El gobierno de Peña Nieto se inauguró con el aparente logro de haber logrado el respaldo de los otros partidos grandes, el PAN y el PRD; pero también con la represión del 1° de diciembre que implicó el encarcelamiento de algunos activistas y de muchos inocentes, pero no de los provocadores que hicieron destrozos en la ciudad de México. Hoy queda claro que esa dualidad está llamada a ser la impronta del gobierno peñanietista. El pacto por México estableció, como lo ha señalado Manuel Bartlett, una dictadura legislativa que aparentemente le daba a la nueva administración un amplio margen de maniobra para llevar al Congreso sus iniciativas de reforma; pero ese proceder legislativo excluyente tanto del debate parlamentario propiamente dicho como, sobre todo, de las voces del pueblo, de los representados, ha conducido a una situación en que la tentación represiva puede imponerse, con un alto costo social, pero también político, en estos inicios del sexenio.

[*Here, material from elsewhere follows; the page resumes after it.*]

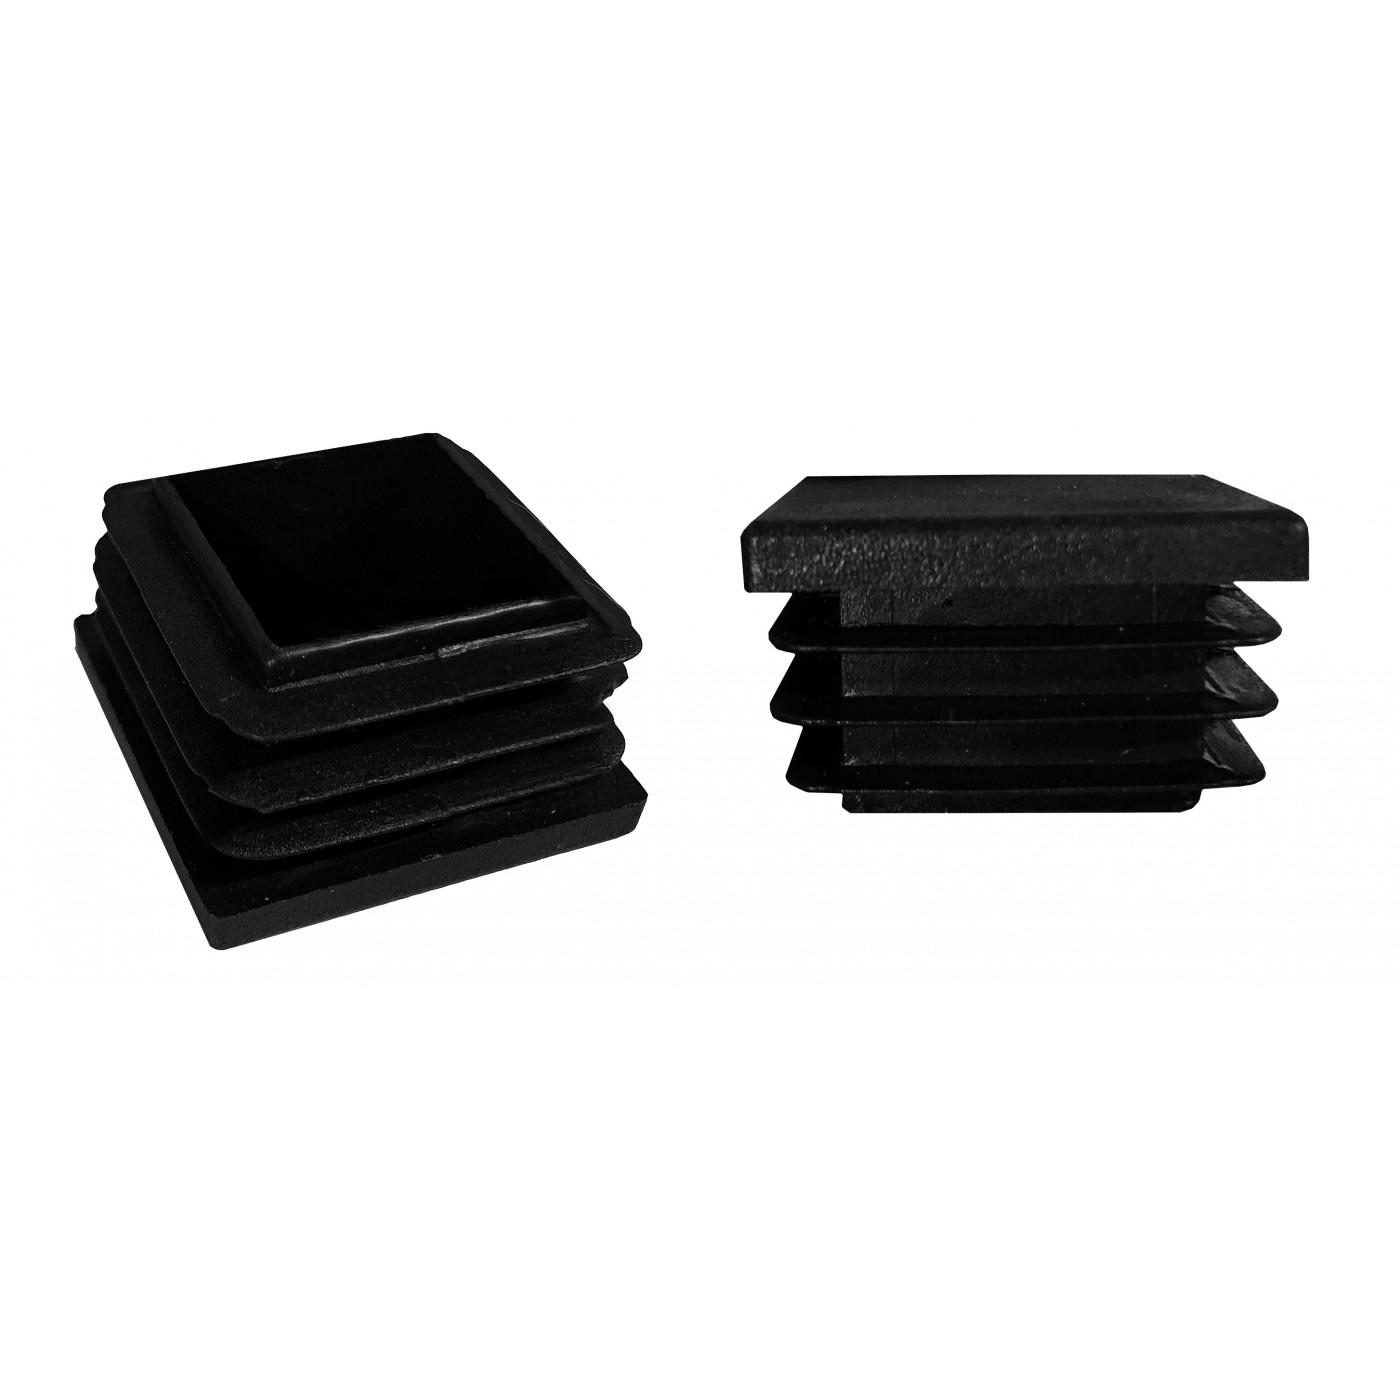 Zestaw 50 czapek na nogi krzesła (F17 / E19 / D20, czarny)

Es preocupante, por lo demás, que esa pérdida de gobernabilidad sea no sólo percibida sino ya abiertamente comentada, en foros de carácter militar, como ocurrió en el seminario «La seguridad nacional de México» organizado el martes 27 de agosto por el Centro de Estudios Superiores Navales, Cesnav, donde se criticó abiertamente por funcionarios, asesores y uniformados, las estrategias del gobierno de Calderón y del actual para combatir el narcotráfico y la delincuencia, llegándose a señalar, precisamente, la pérdida de gobernabilidad por el régimen. Grave y preocupante que desde el ámbito militar se hagan caracterizaciones o se emitan opiniones públicas de carácter político; ello habla generalmente de la pretensión de dar a las fuerzas armadas un papel más amplio y determinante en asuntos de la vida civil.
Reformar es un concepto que puede tener dos significados. En el primero, se trata de dar una nueva forma a las cosas, sin tocar su naturaleza o sus aspectos esenciales; en el segundo, de re-formar o volver a formar las cosas para que sean diferentes y sobre todo cualitativamente superiores, mejores, que lo que hoy son. En ello estriba la diferencia entre el reformismo y el espíritu reformador. Las iniciativas de reforma de Peña Nieto y su dócil congreso (nuevamente, con la excepción de voces con reciedumbre pero numéricamente débiles) no sólo son meramente formales sino incluso regresivas en términos de derechos y en términos históricos. La apuesta por ese reformismo retrógrado es lo que ha abierto la presente crisis política y el desbordamiento social. Las reformas que el país necesita no son las que restrinjan derechos ya ganados, como los laborales, ni las que abran, como en los inicios del siglo XX, sectores estratégicos de nuestra economía al capital privado internacional, ni las que busquen apagar la conflictividad social con el recurso a la violencia. Necesitamos un nuevo espíritu reformador, y éste, seguramente, surgirá sólo de los mejores impulsos de la sociedad civil y de su participación, no de un sistema político gangrenado por la descomposición y la corrupción.